Anti-DDoS: Memulai analisis log lengkap.
CDN: Praktik terbaik untuk mengirimkan log waktu nyata CDN ke SLS guna menganalisis data akses pengguna.
DCDN: Log akses Global Accelerator.
API Gateway: Log akses API Gateway.
Container Service for Kubernetes: Manajemen Log.
PolarDB: Analisis Log.
ApsaraDB for MongoDB: Log MongoDB.
RDS: Log Audit SQL RDS, Kirimkan log RDS MySQL ke Simple Log Service.
VPC: Log aliran VPC, Log Alamat IP Elastis.
Server Load Balancer (SLB): Log akses ALB, Log akses, Log akses Layer-7 untuk Classic Load Balancer (CLB), dan metrik pemantauan Layer-4 per detik untuk Classic Load Balancer (CLB).
Object Storage Service: Log akses OSS.
File Storage NAS: Analisis log berdasarkan SLS.
CloudConfig: Log Audit Konfigurasi.

FAQ

Mengapa status koneksi sumber data menunjukkan "Abnormal" atau "Tidak terhubung"?
Periksa item-item berikut secara berurutan:
1. Izin RAM: Periksa apakah peran terkait layanan AliyunServiceRoleForSas untuk CTDR memiliki izin untuk mengakses Logstore SLS (minimal AliyunLogReadOnlyAccess). Ini adalah penyebab paling umum.
2. Informasi konfigurasi: Pada halaman edit sumber data di CTDR, periksa apakah nama Wilayah, Project, dan Logstore SLS benar. Pastikan tidak ada kesalahan ejaan atau spasi tambahan.
3. Status Logstore sumber: Masuk ke konsol SLS dan pastikan Project tidak dinonaktifkan serta data baru sedang ditulis ke Logstore.
Mengapa kebijakan akses gagal diaktifkan?
Satu dataset StoreView (ditentukan oleh Standardization Category or Structure di Standardized Rule) dapat dilampirkan ke maksimal lima kebijakan akses dalam mode 'Scan Query'. Jika Anda melebihi batas ini, kebijakan akses gagal diaktifkan. Untuk solusinya, lihat Kebijakan akses gagal diaktifkan.
Apa yang dapat saya lakukan jika pengujian standarisasi log gagal atau data tidak dapat diurai?

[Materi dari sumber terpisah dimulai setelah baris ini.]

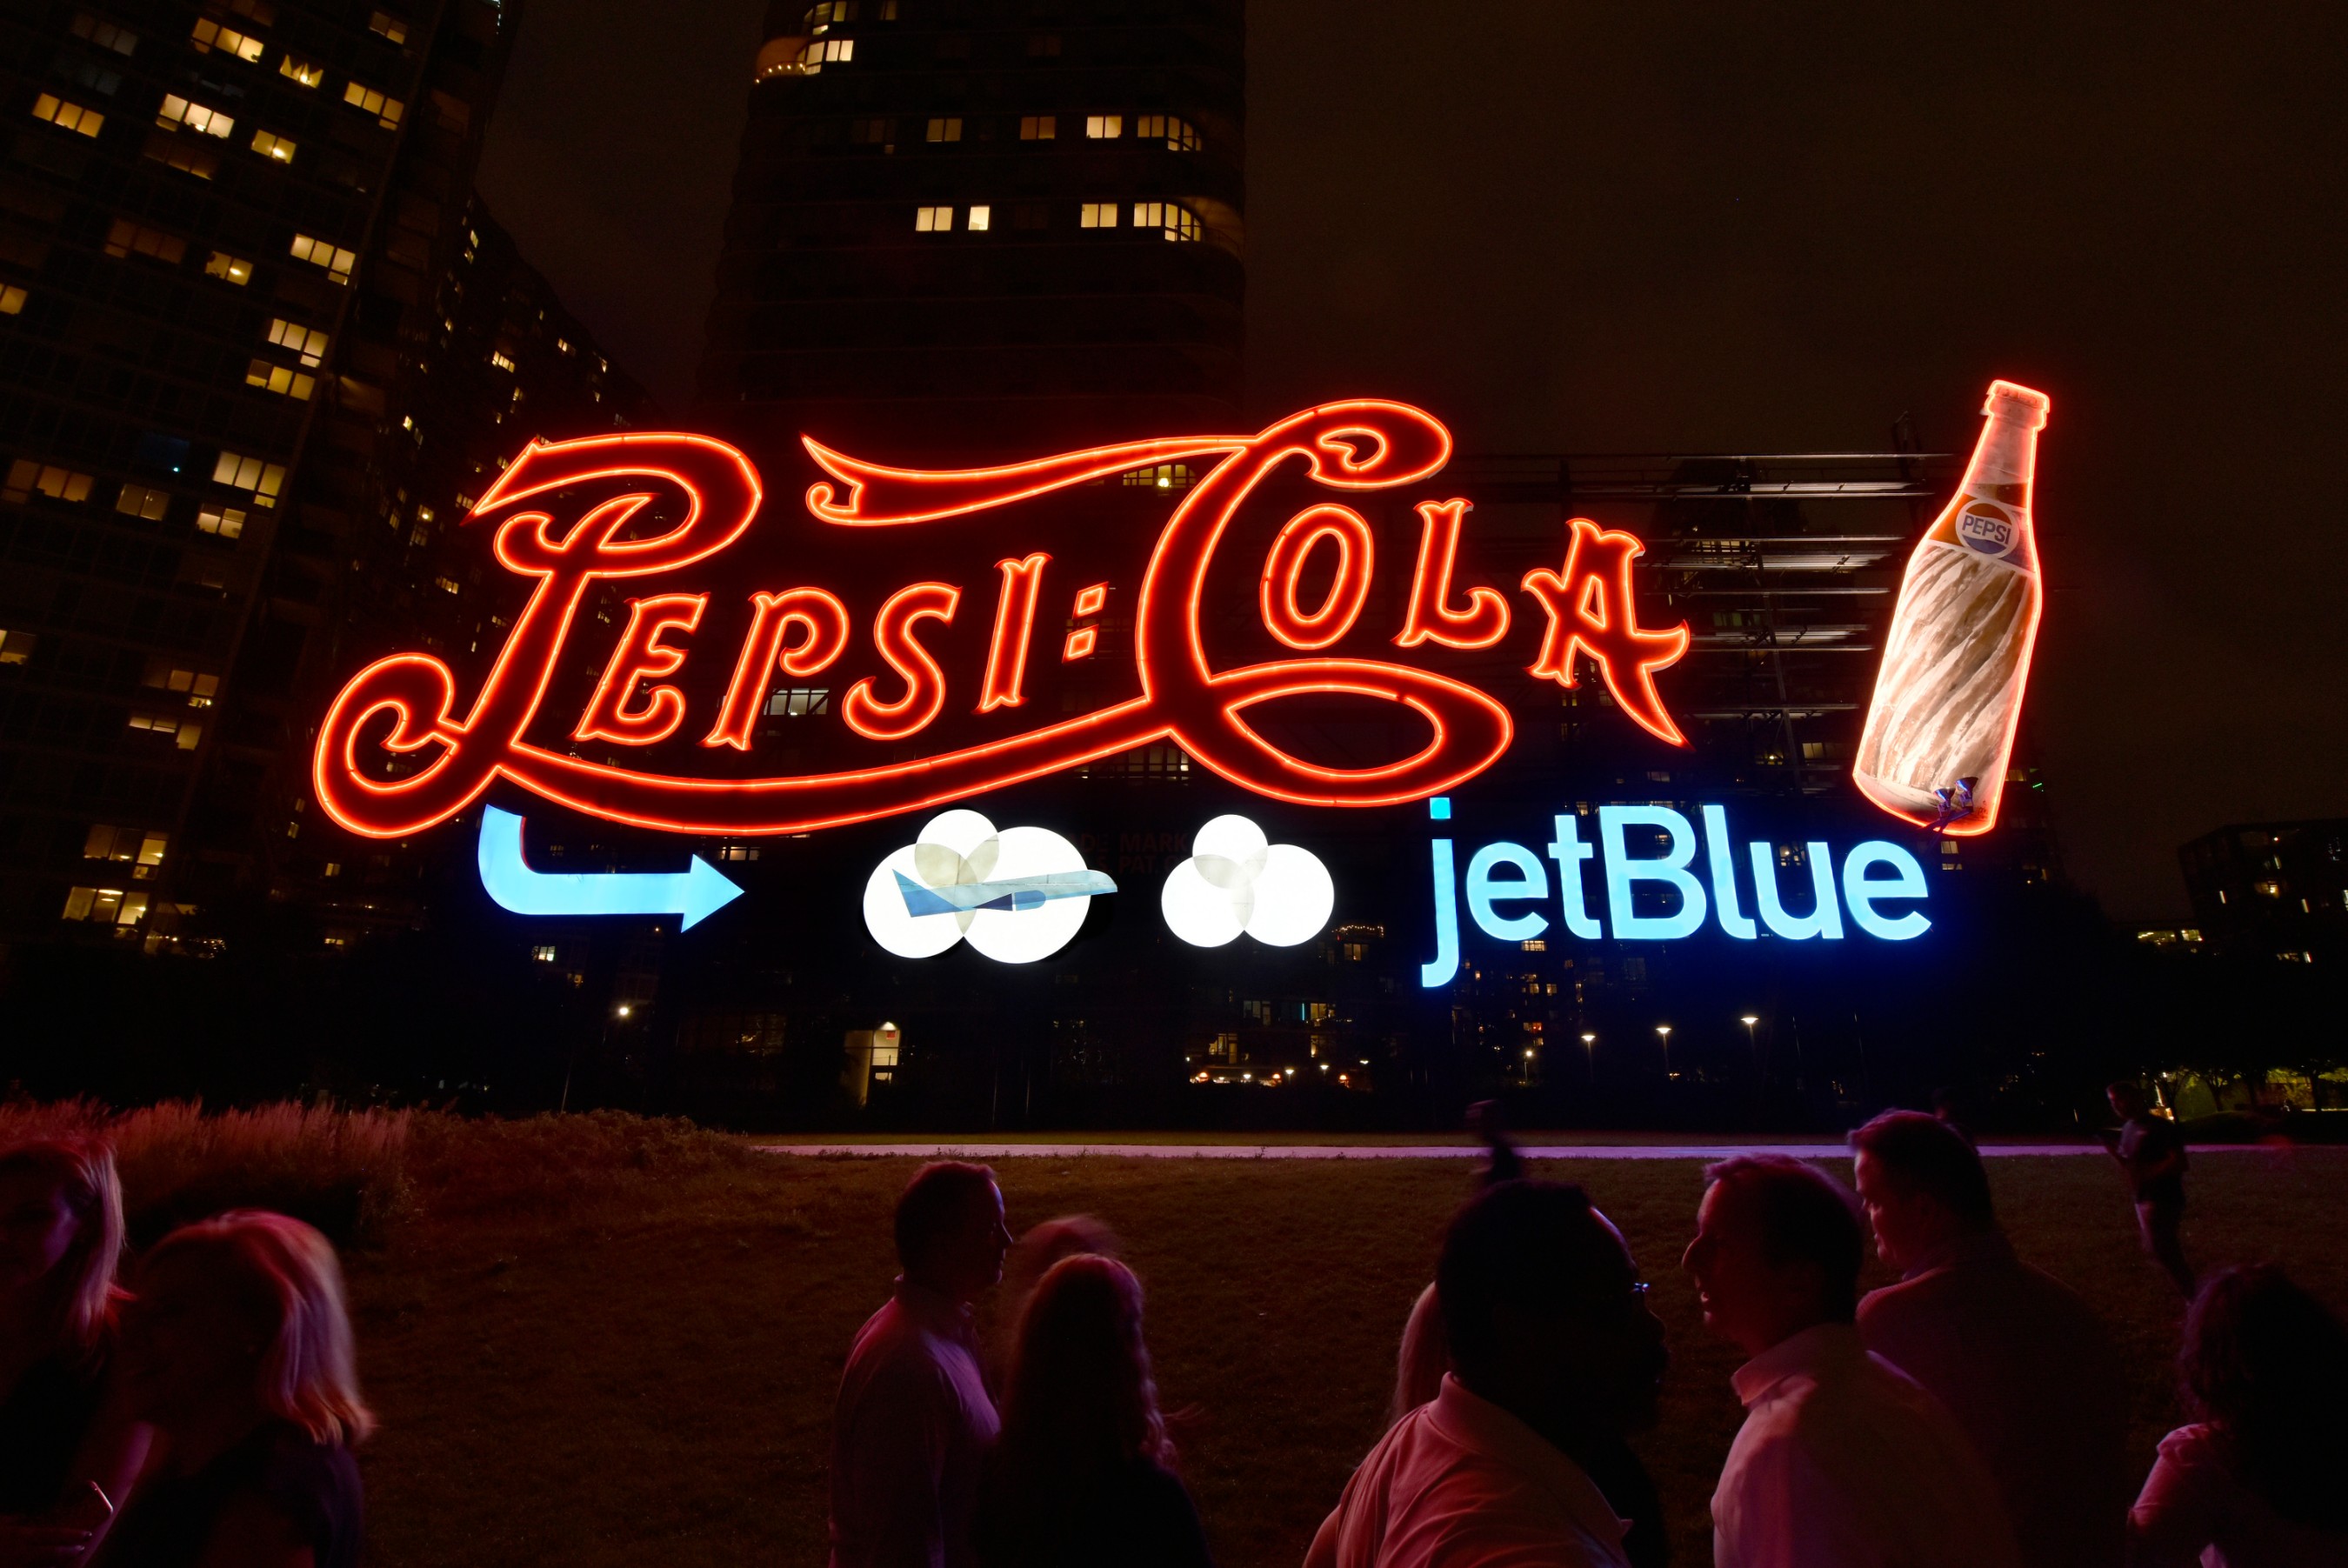 PepsiCo and JetBlue light up the sky in Long Island City, New York in celebration of the new partnership between these two New York-based companies. For the first time ever, PepsiCo temporarily added JetBlue branding to its world-famous Pepsi-Cola sign, which will be visible to New Yorkers and visitors through September.

- Periksa apakah Logstore sumber berisi data: Pastikan log baru telah ditulis ke Logstore SLS, sebaiknya dalam satu jam terakhir. Jika Logstore kosong, pengujian tidak dapat dilanjutkan.
- Periksa apakah aturan standarisasi cocok: Jika Anda menggunakan aturan kustom, pastikan pernyataan SPL dapat mengurai format log mentah dengan benar. Anda dapat men-debug pernyataan SPL di halaman kueri dan analisis di konsol SLS.